La volonté politique est à la hauteur, affirmera le ministre Éric Thill à la clôture de la matinée. D’un échange avec lui et Nadine Erpelding, experte et responsable du dossier et du service de l’inclusion au ministère de la Culture, il ressort que les bases d’un Plan d’action Accessibilité à la culture doivent être concrétisées d’ici la fin 2026. Ce plan devra couvrir toutes les dimensions de l’exclusion culturelle : pour résumer, le handicap, les barrières linguistiques, les inégalités sociales, la précarité administrative et l’éloignement géographique
Aussi bien le ministre que Nadine Erpelding ont reconnu que la communication reste un point faible et majeur à la fois. La manière dont les programmes sont annoncés, traduits, rendus lisibles ou accessibles, conditionne leur réception. On voit la nécessité d’une plateforme numérique, mais aussi sur papier, un agenda-programme clair incluant par exemple les durées des spectacles pour savoir quand et comment repartir chez soi, pour les bénéficiaires de l’Adapto. Le ministre ne cache pas qu’il faudra des jalons bien définis, mais aussi des engagements concrets ainsi que les moyens. Le succès d’une telle entreprise dépendra aussi de la coopération intergouvernementale, avec les ministères de l’Éducation, de la Santé, de la Famille notamment. Nadine Erpelding vise l’implication réelle des publics concernés, notamment les jeunes, les personnes âgées, les publics dits éloignés, les personnes en situation de handicap mais aussi des artistes, des médiateurs et des enseignants pour ne citer qu’eux. Tout le monde devrait se sentir concerné.

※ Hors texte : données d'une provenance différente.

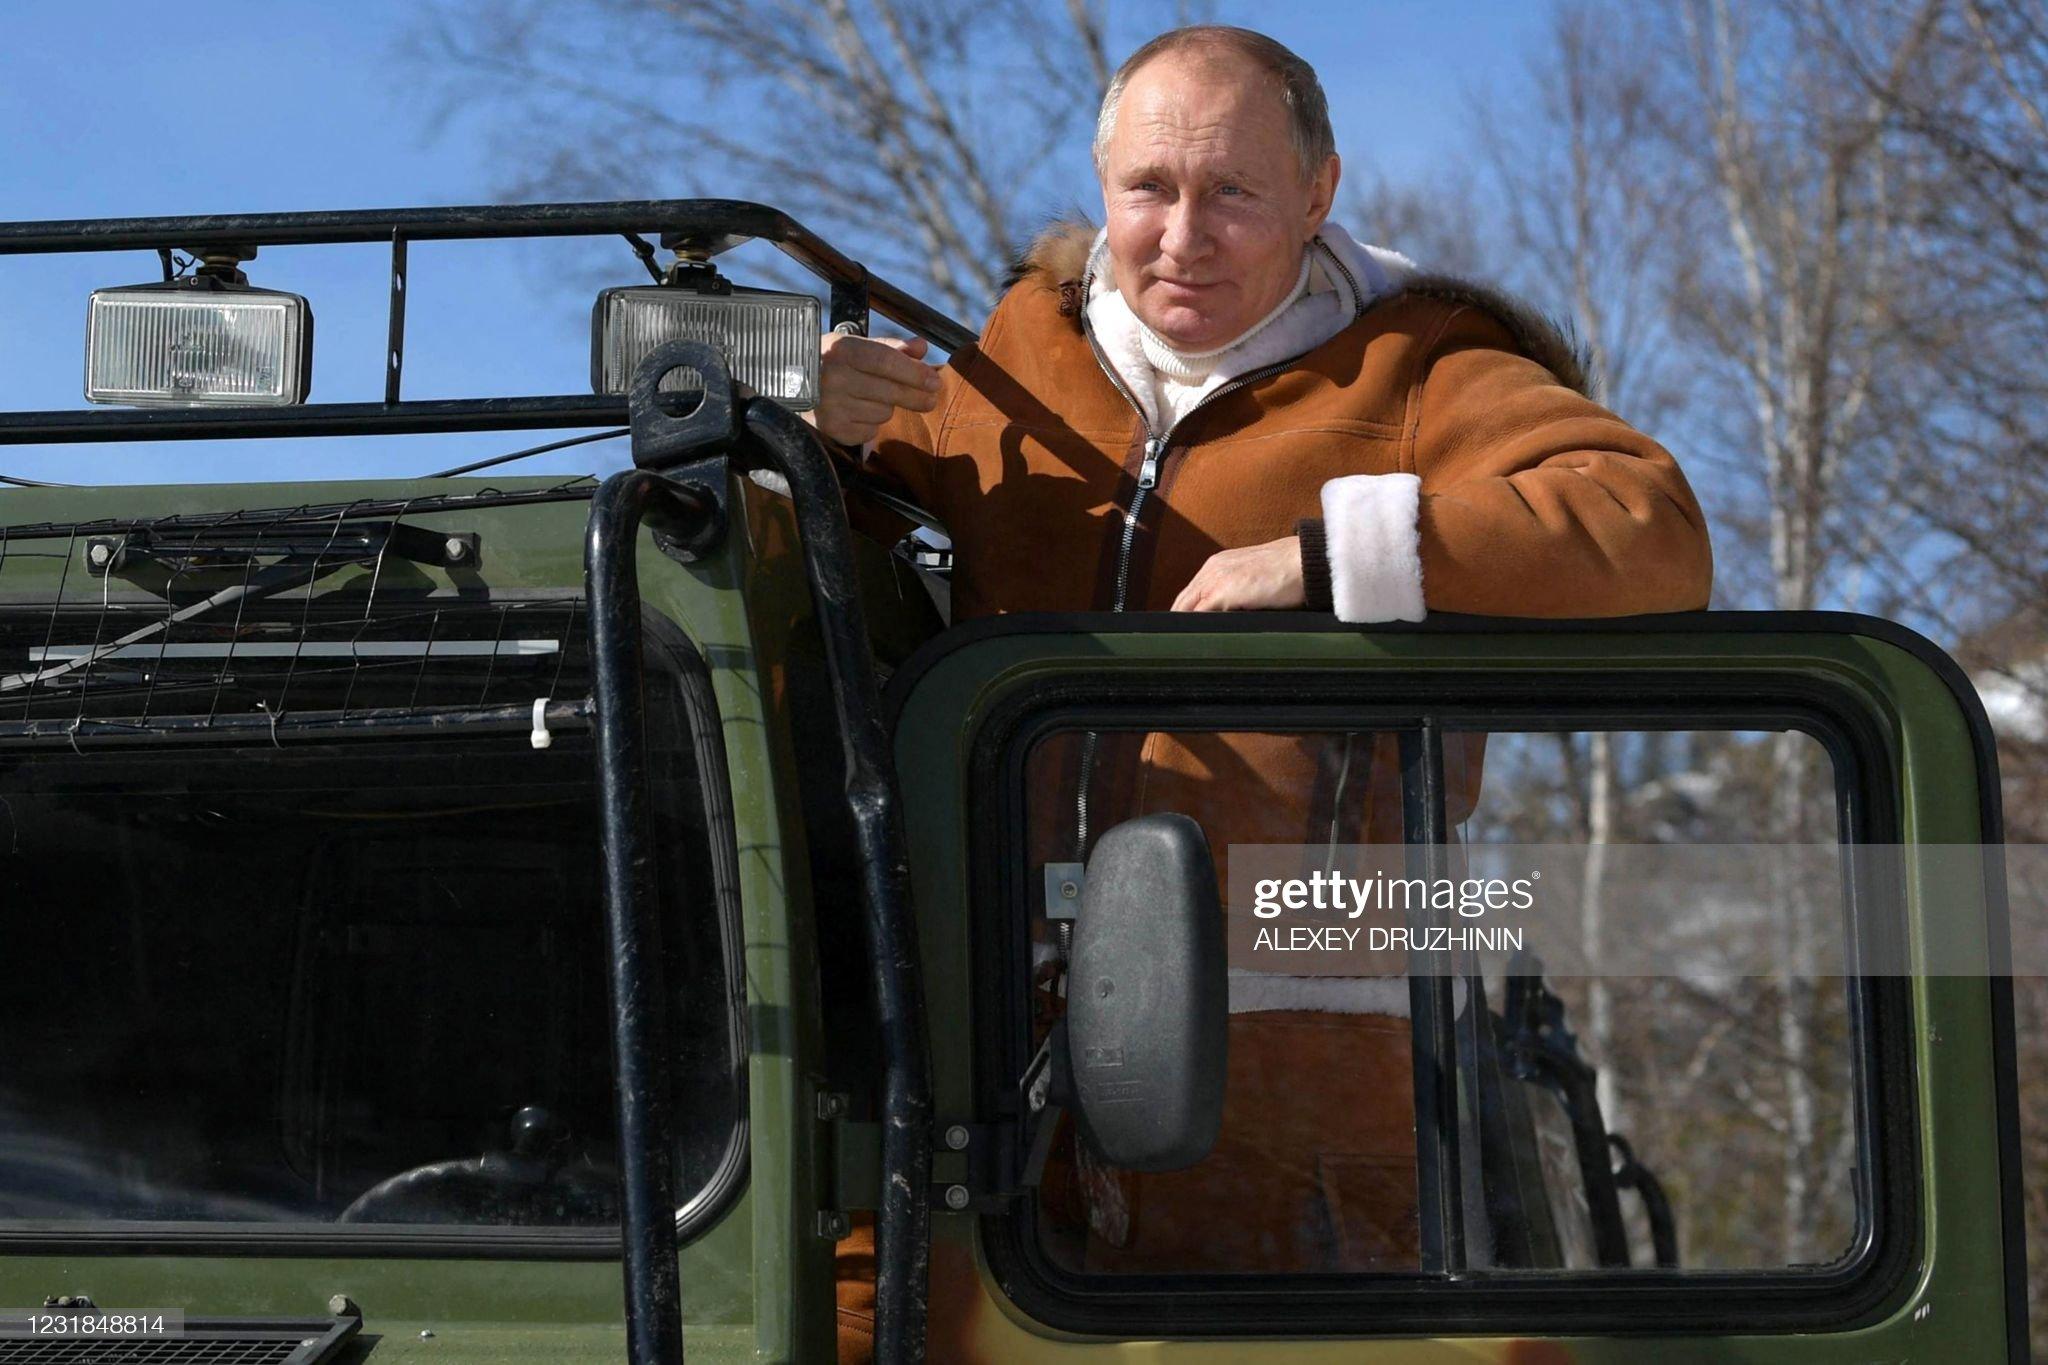 RUSSIA-POLITICS-ARMY : News Photo
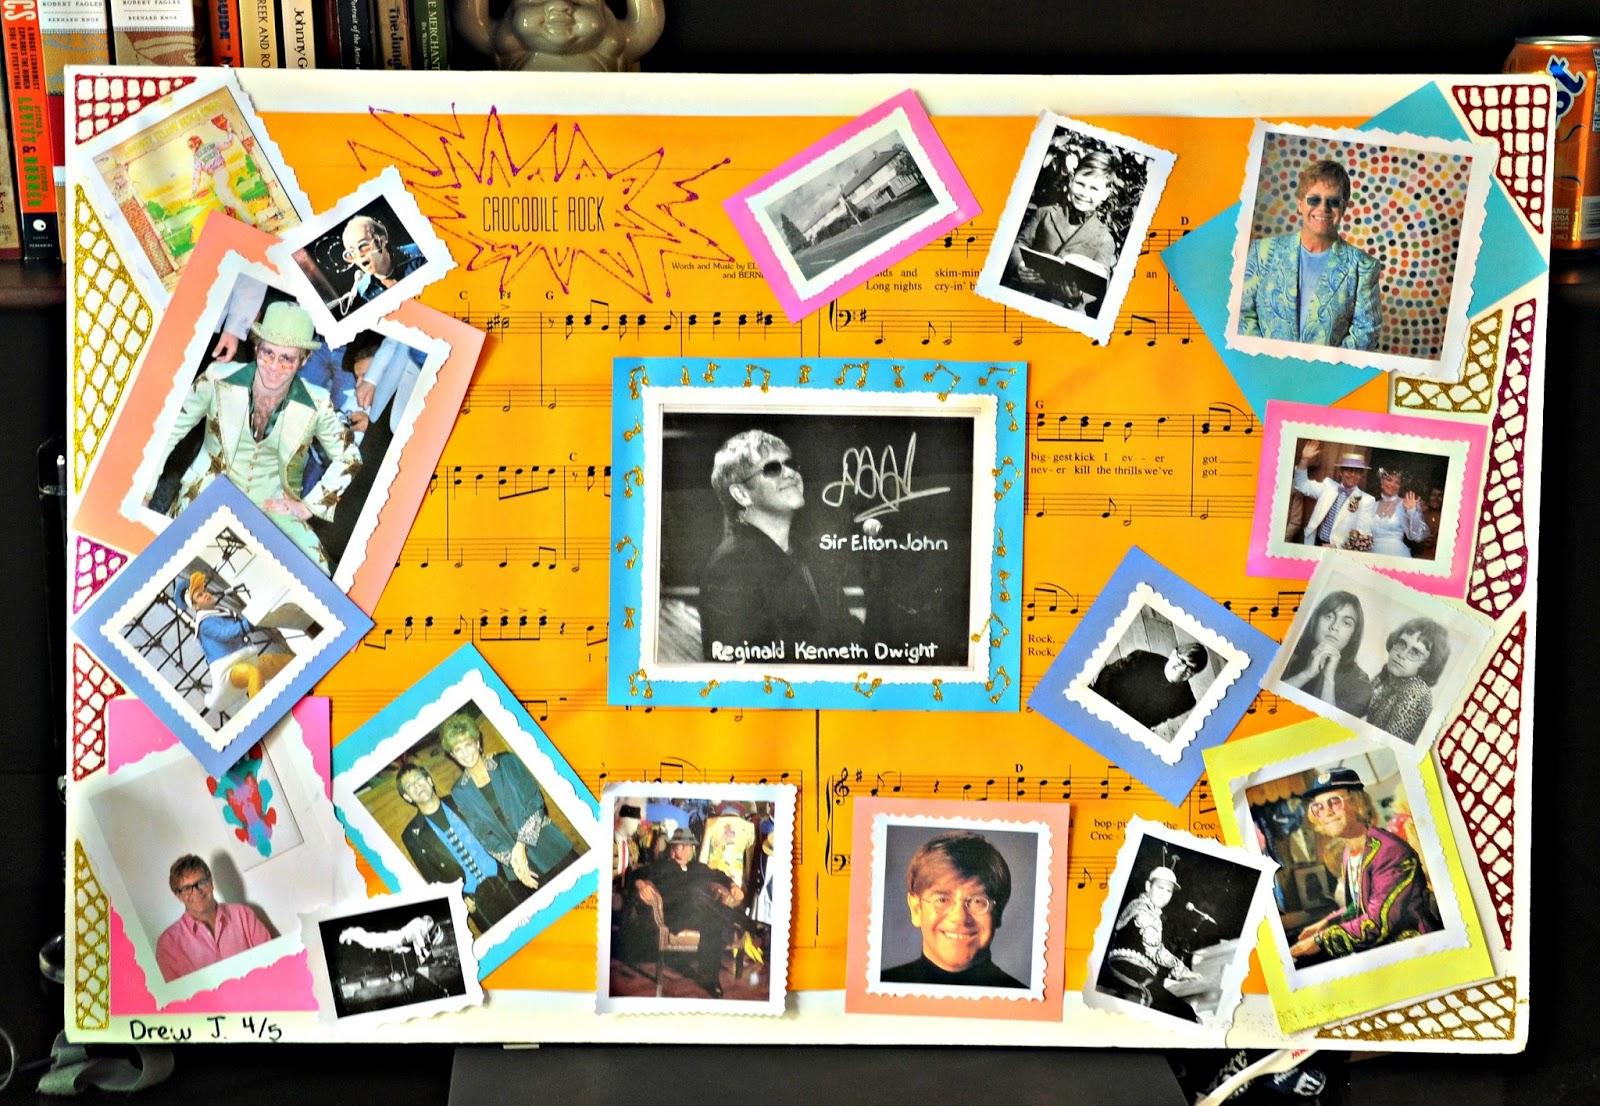 Creative poster board ideas for school project for Creative poster board ideas

En conclusion, il faut une responsabilité collective et une remise aux normes. La culture est un droit et non pas un privilège. Mais pour que ce droit soit effectif, il faut repenser en profondeur son accessibilité. Les Assises culturelles 2025 ont ouvert un espace de parole et de pensée, posé quelques premiers jalons et peut-être, identifié des ressources.
Mais elles ont aussi mis en lumière l’ampleur du chantier : il ne suffit pas de diagnostiquer, il faut transformer. Cela suppose l’écoute, la transversalité et forcément le courage politique. Cela suppose aussi de reconnaître que les artistes, les administrateurs, les médiateurs, les acteurs du soin ou les pédagogues ne sont pas des prestataires de service, mais des alliés dans un processus de démocratisation culturelle. Et que tous ces métiers existent indépendamment et doivent être pris en compte de cette façon. « Il ne s’agit pas de placer plusieurs casquettes à un artiste par exemple, si celui-ci n’a pas été formé dans le sens d’un médiateur ou d’un pédagogue. Mais le fait d’identifier plus clairement et de prendre en compte le public dans ses besoins et sa diversité, est évidemment important. Il faut que la culture corresponde dans son ensemble aux réalités sociétales » analysera l’artiste performeuse transdisciplinaire belgo-luxembourgeoise et scénographe, Clio van Aerde. On est d’accord.